BEGIN SUPPLIED RECORDS

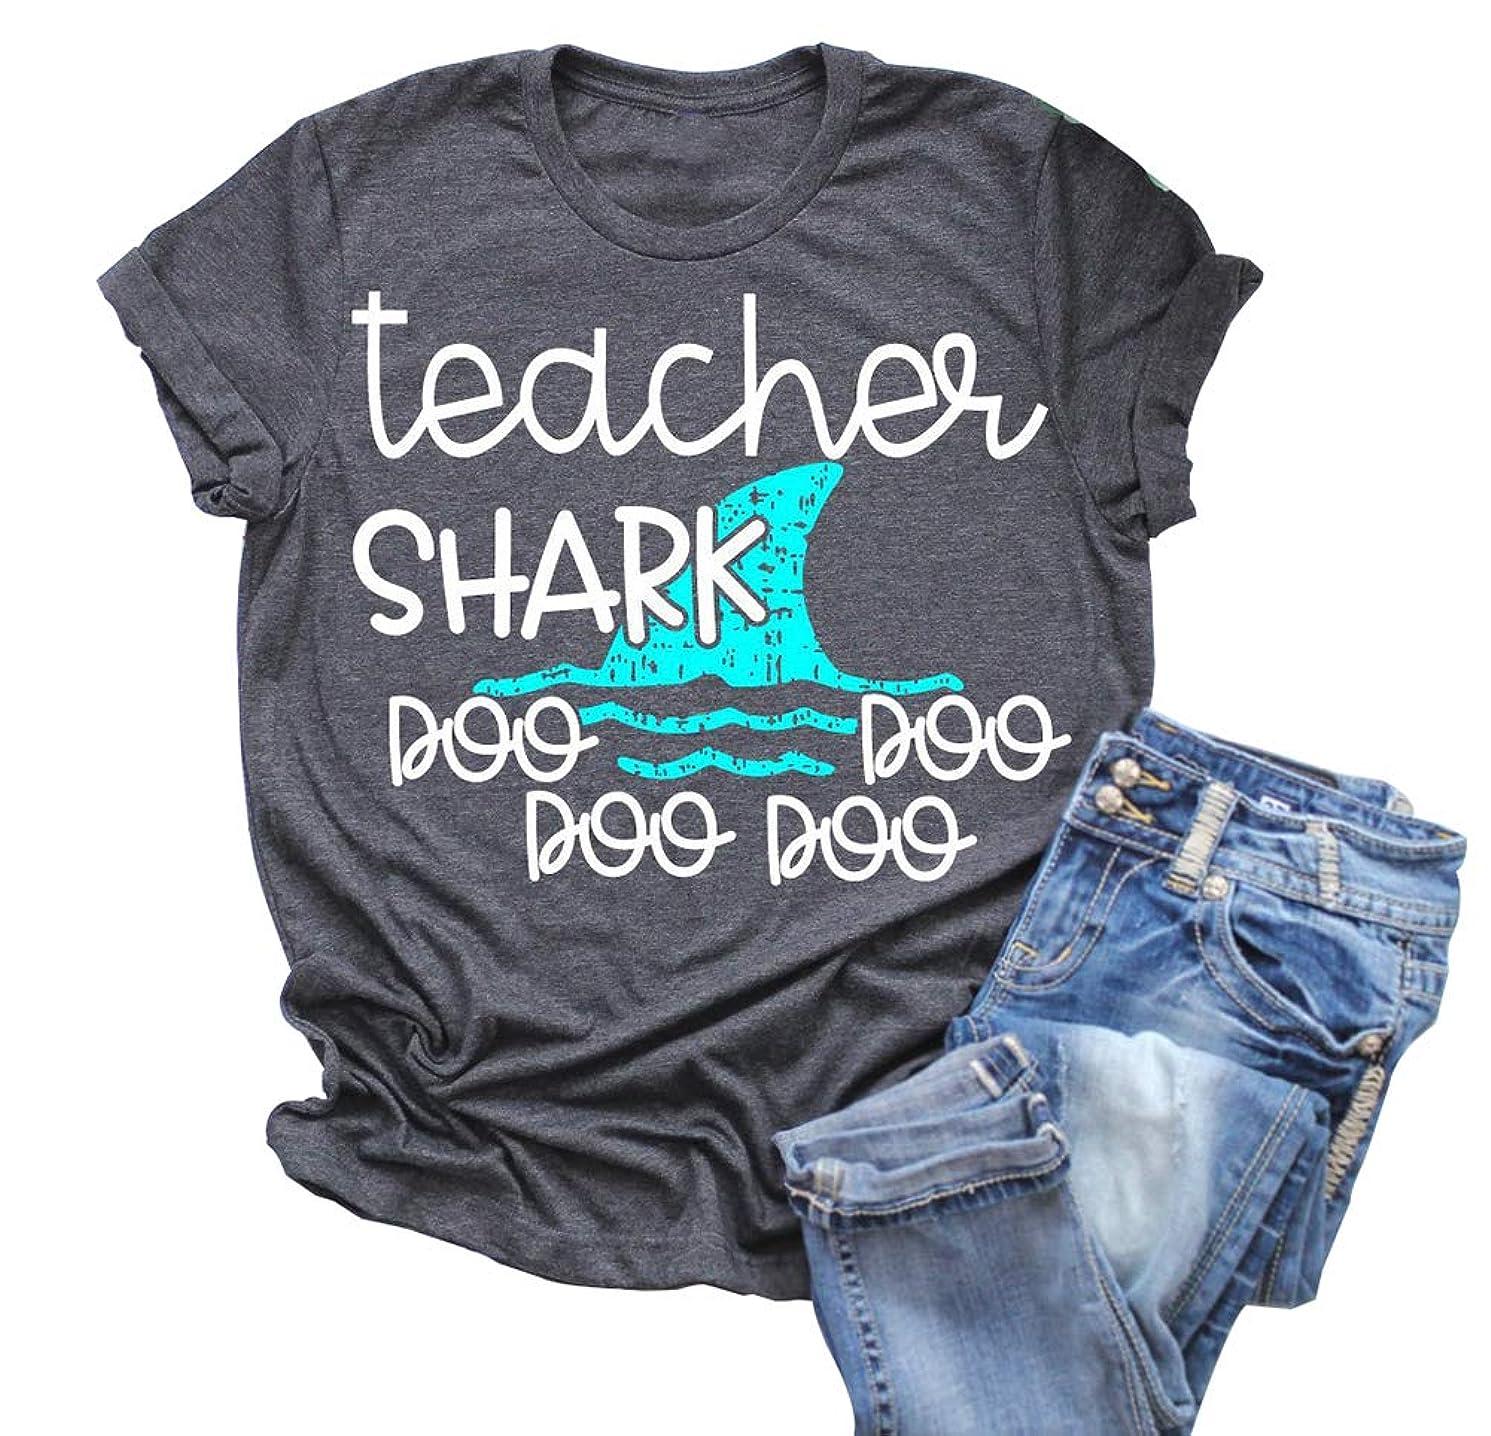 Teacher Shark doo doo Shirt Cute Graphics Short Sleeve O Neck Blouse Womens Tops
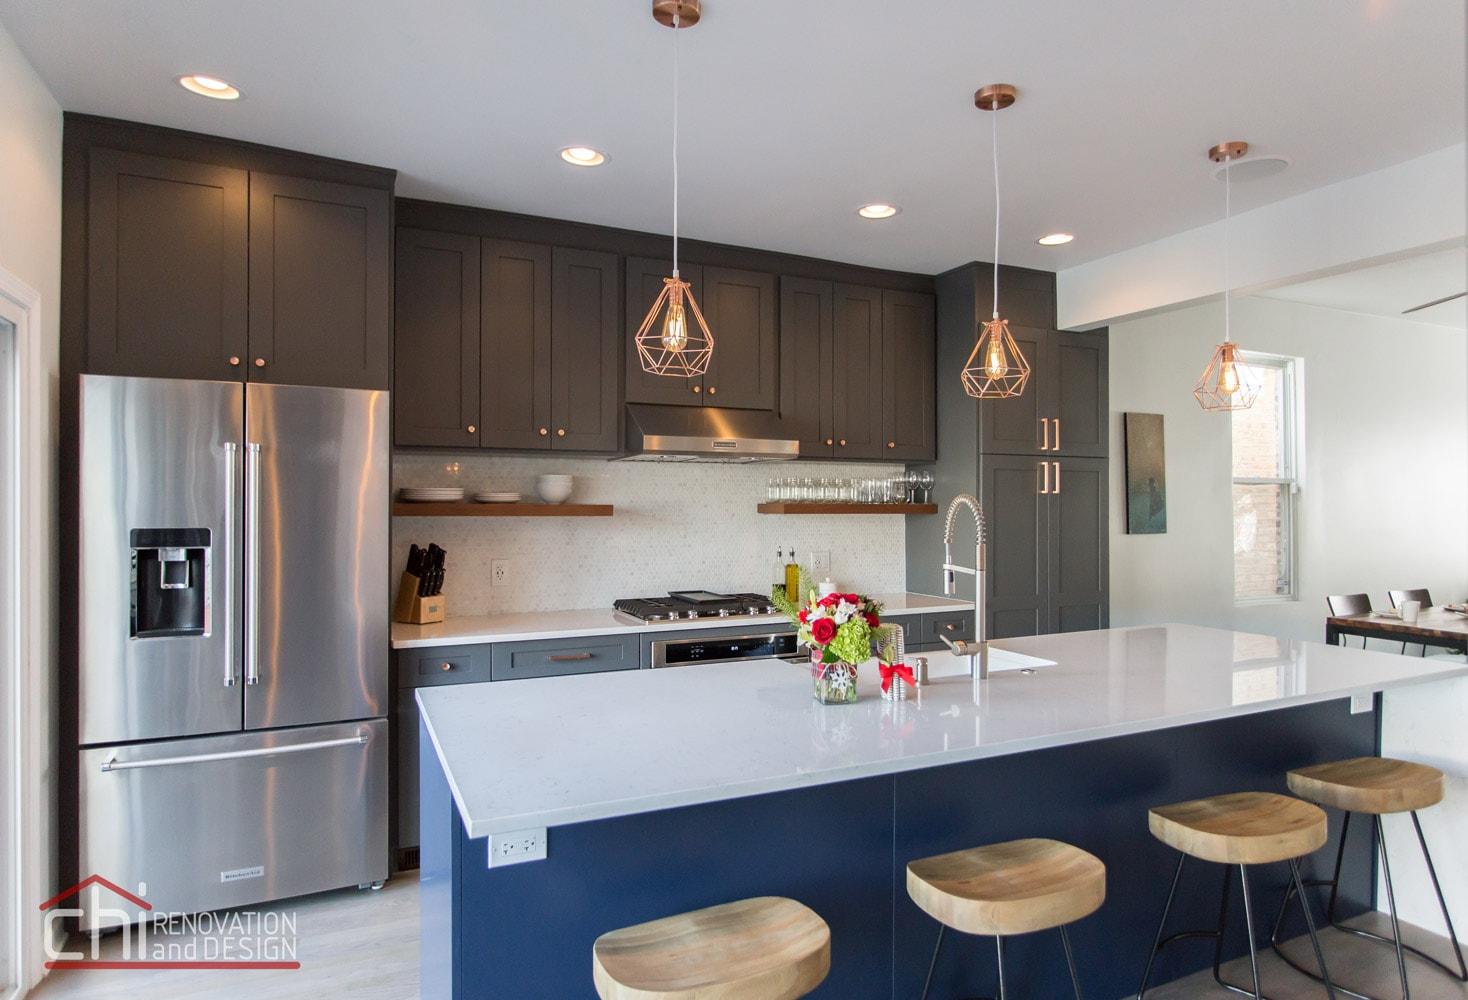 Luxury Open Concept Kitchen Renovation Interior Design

END SUPPLIED RECORDS
BEGIN SUPPLIED RECORDS

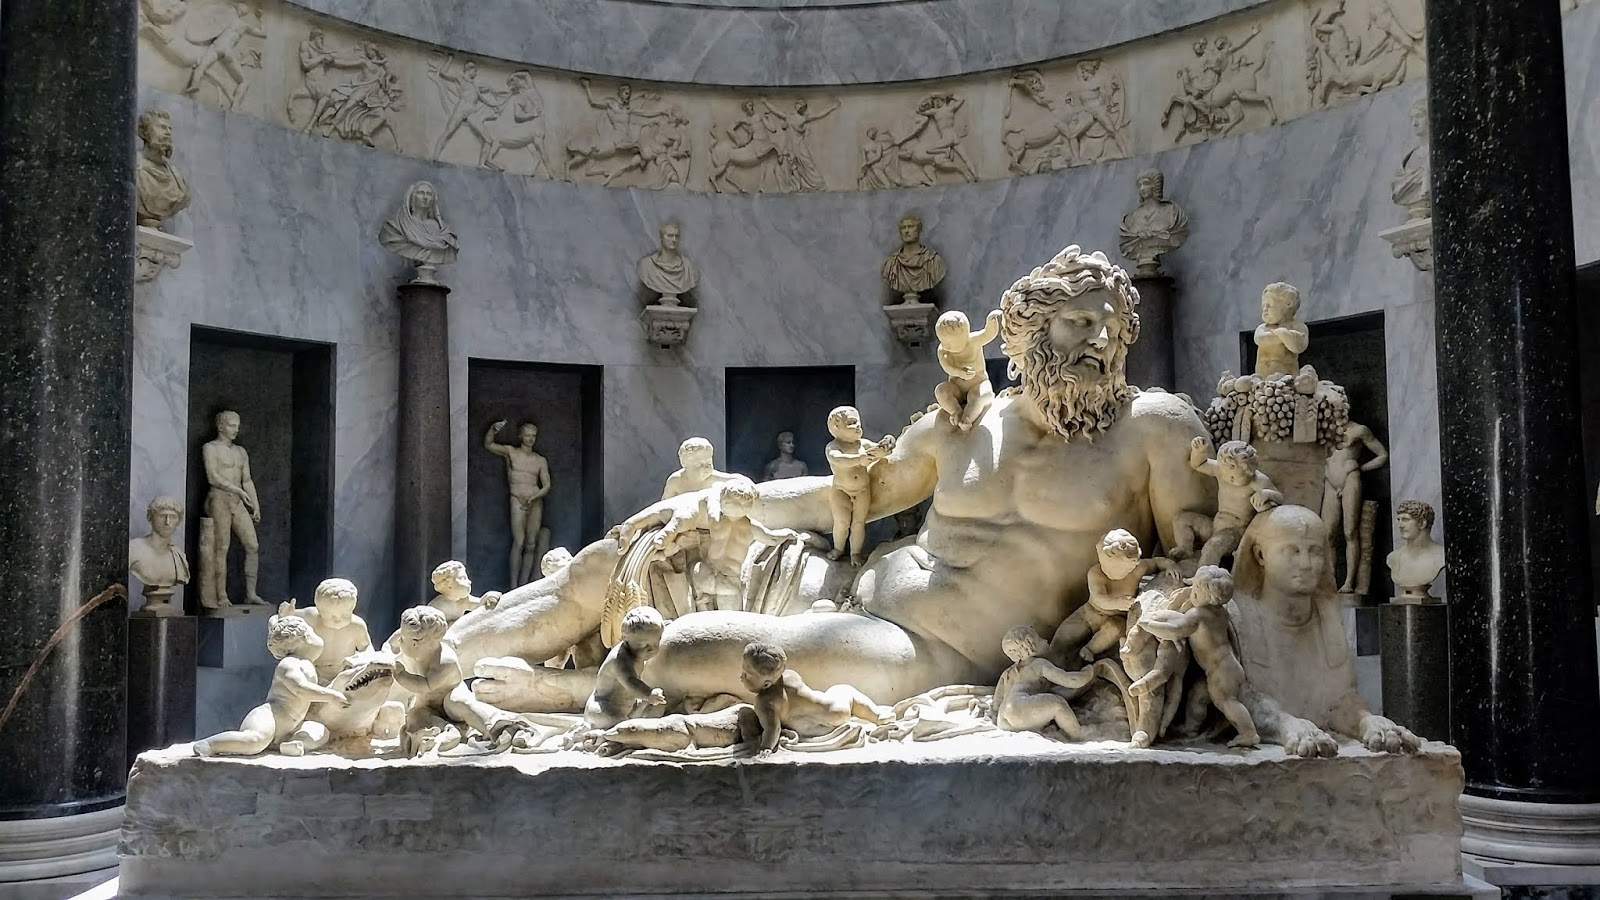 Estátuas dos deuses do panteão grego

END SUPPLIED RECORDS
BEGIN SUPPLIED RECORDS

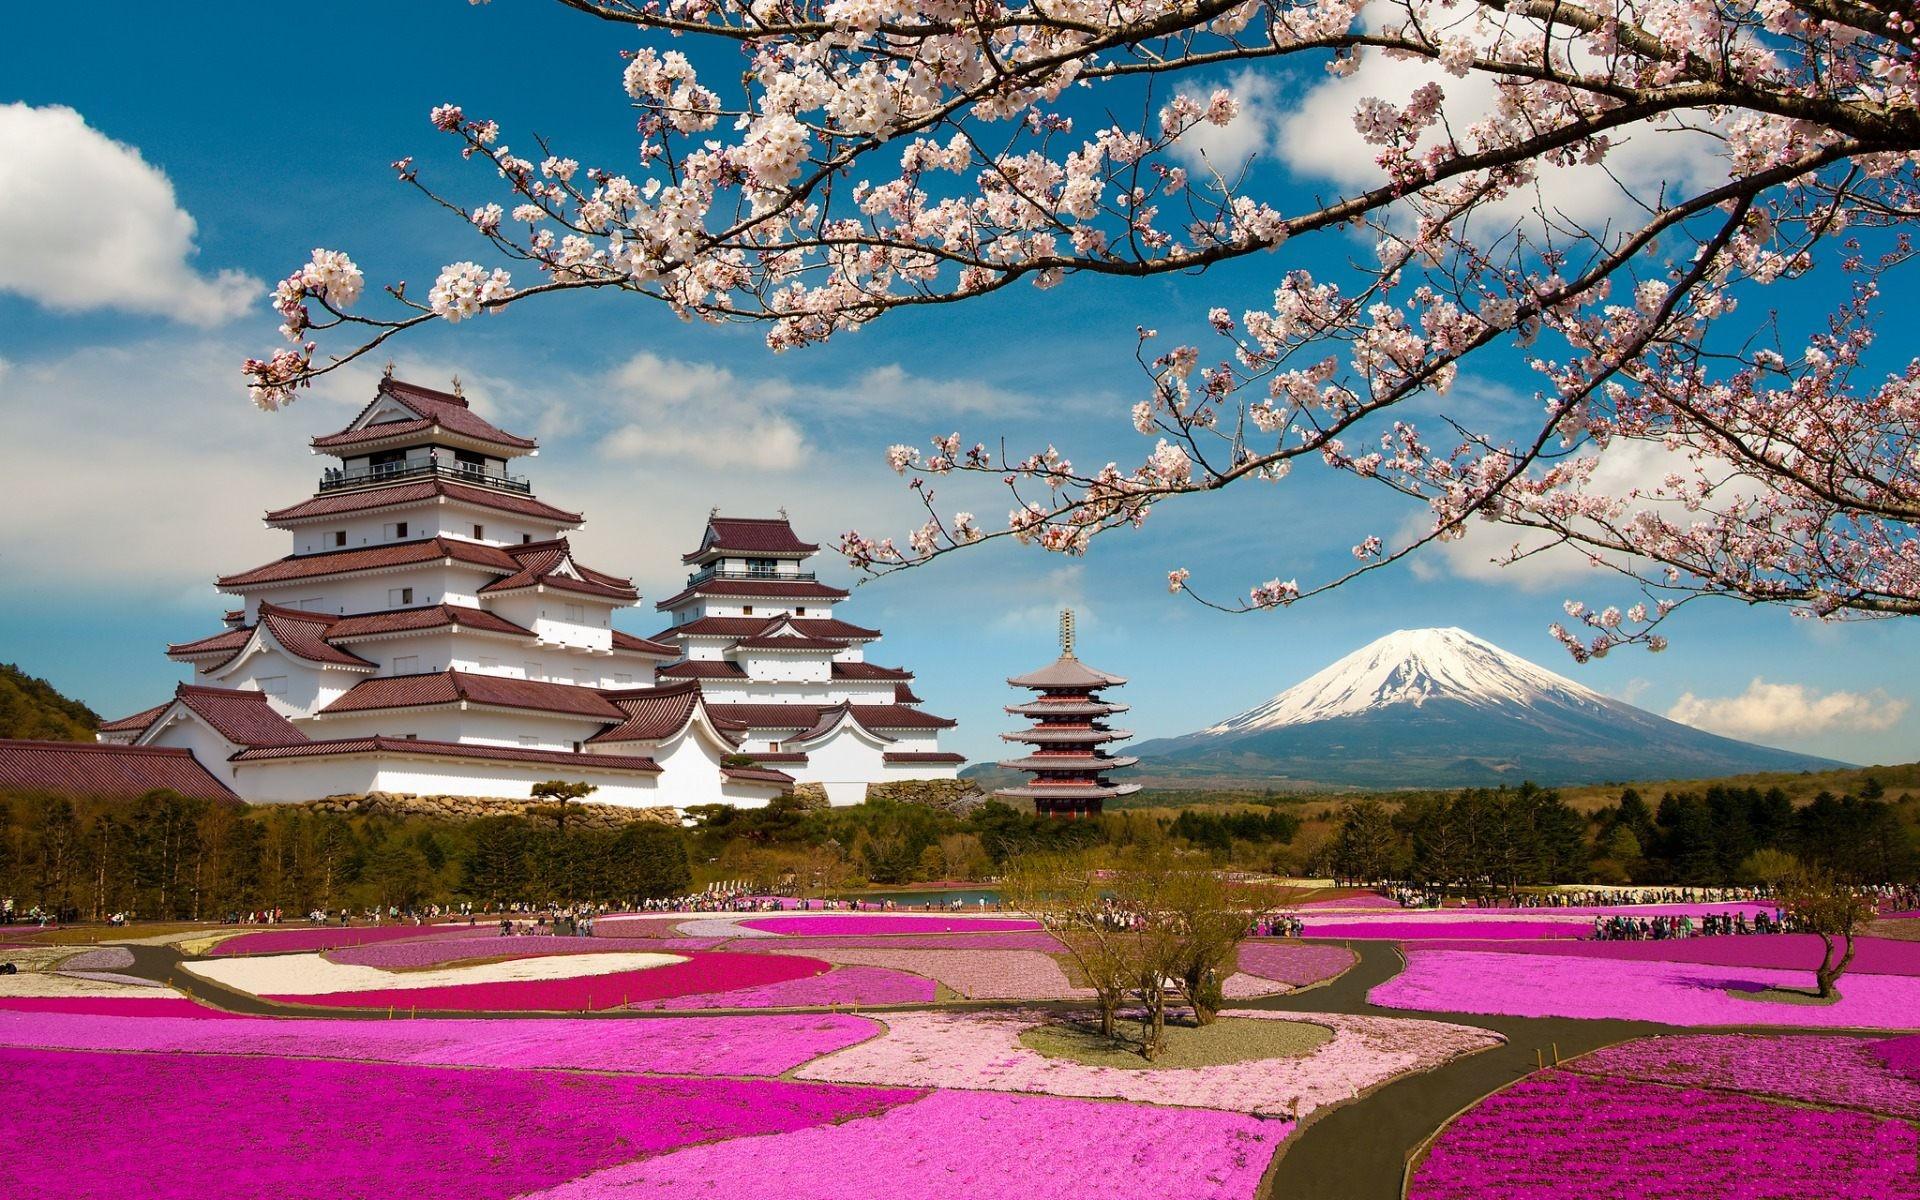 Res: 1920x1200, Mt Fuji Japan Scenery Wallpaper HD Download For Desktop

END SUPPLIED RECORDS

In the listing above, find the line containing "Teacher Shark doo" and the line containing "Luxury Open Concept", then output those two lines and everything between them exactly as written, without the images.

**EXERCISE ANSWER**
 Teacher Shark doo doo Shirt Cute Graphics Short Sleeve O Neck Blouse Womens Tops
 Luxury Open Concept Kitchen Renovation Interior Design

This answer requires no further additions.